On the other hand, I get it: all that matters is that the suit has at least one valid argument. The invalid arguments shouldn’t matter. This reasoning can be seen more clearly, perhaps, if we consider a person unjustly sentenced to prison for a crime he didn’t commit. If, in his defense, he offers ten arguments, of which nine are false, but the tenth unambiguously exonerates him, then he should get off. The fact that he, in his desperation, offered some specious arguments does not make him guilty of the crime.

The thing that bugs me about this West Point lawsuit and, to a lesser extent, Lessig’s posts, is that this freedom to make bad arguments without consequences creates what economists call a “moral hazard,” by which there’s an incentive to spew out low-quality arguments as a way to “flood the zone” and overwhelm the system.

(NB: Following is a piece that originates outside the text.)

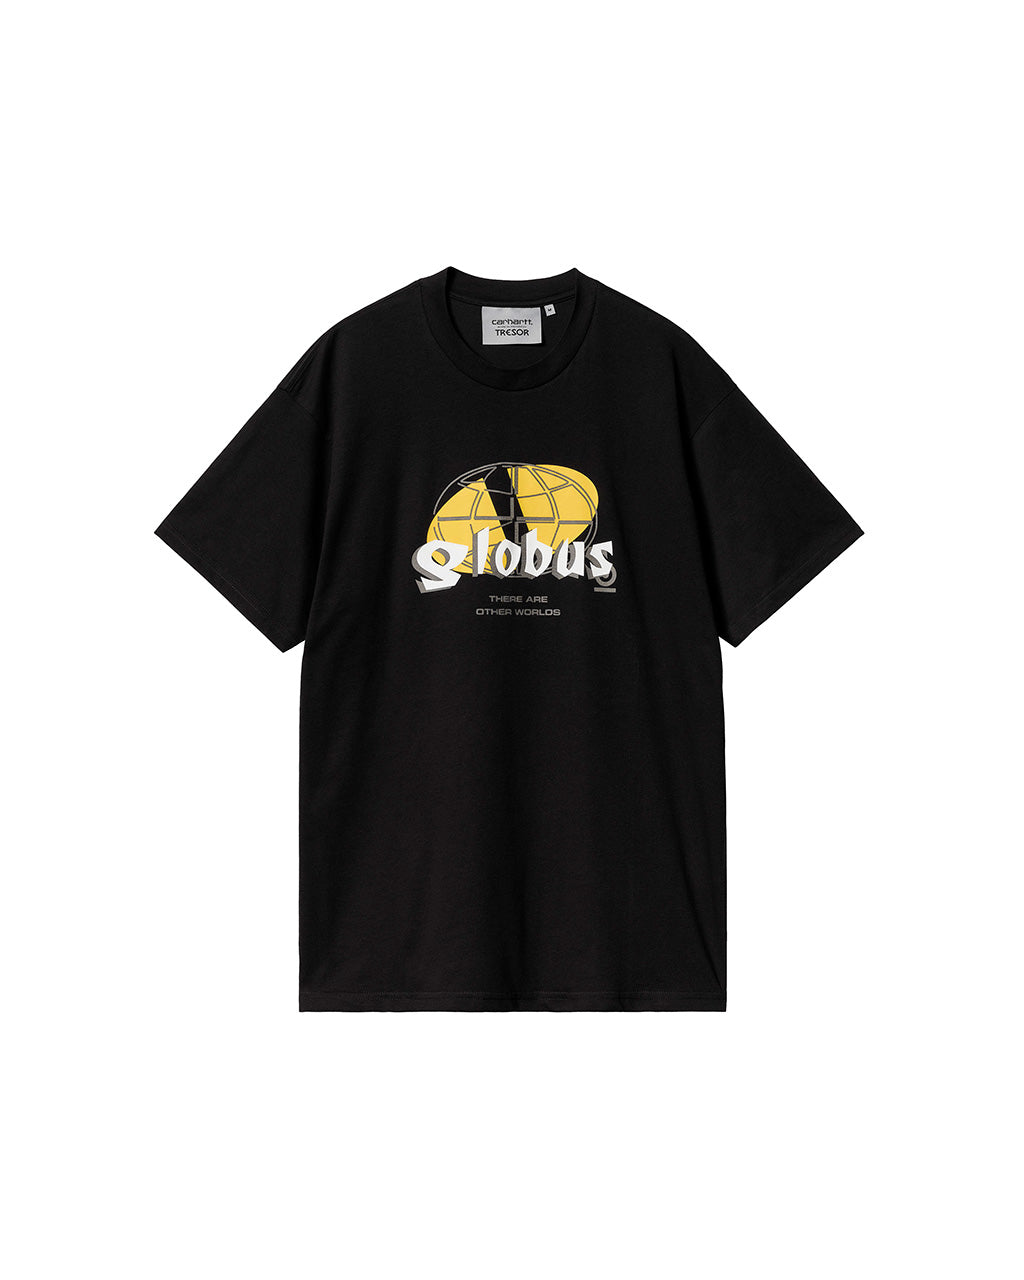 Carhartt WIP x TRESOR Globus S/S T-Shirt

I was talking with a friend about this and he said that the incentives here are not so simple, as people pay a reputational cost when they promote bad arguments. It’s true that whatever respect I had for Lessig or the affirmative-action-lawsuit people has diminished, in the same way that Slate magazine has lost some of its hard-earned reputation for skepticism after running a credulous piece on UFOs. But . . . Lessig and the affirmative-action crew don’t care about what people like me think about them, right? They’re playing the legal game. I’m not sure what, if anything, should be done about all this; it just bothers me that there seem to be such strong incentives for lawyers (and others) to present bad arguments.

I’m sure that legal scholars have written a lot about this one, so I’m not claiming any originality here.

P.S. However these sorts of lawsuits are treated in the legal system, I think that it would be appropriate for their stupidity to be pointed out when they get media coverage. Instead, there seems to be a tendency to take ridiculous claims at face value, as long as they are mentioned in a lawsuit. For example, here’s NPR on the West Point lawsuit: “In its lawsuit filed Tuesday, it asserts that in recent decades West Point has abandoned its tradition of merit-based admissions”—with no mention of how completely stupid it is to claim that they had a “tradition of merit-based admissions” in their 133 years with only 4 black graduates. Or the New York Times, which again quotes the stupid claim without pointing out it’s earth-is-flat nature. AP and Reuters did a little better in that they didn’t quote the ridiculous claim; on the other hand, that serves to make the lawsuit seem more reasonable than it is.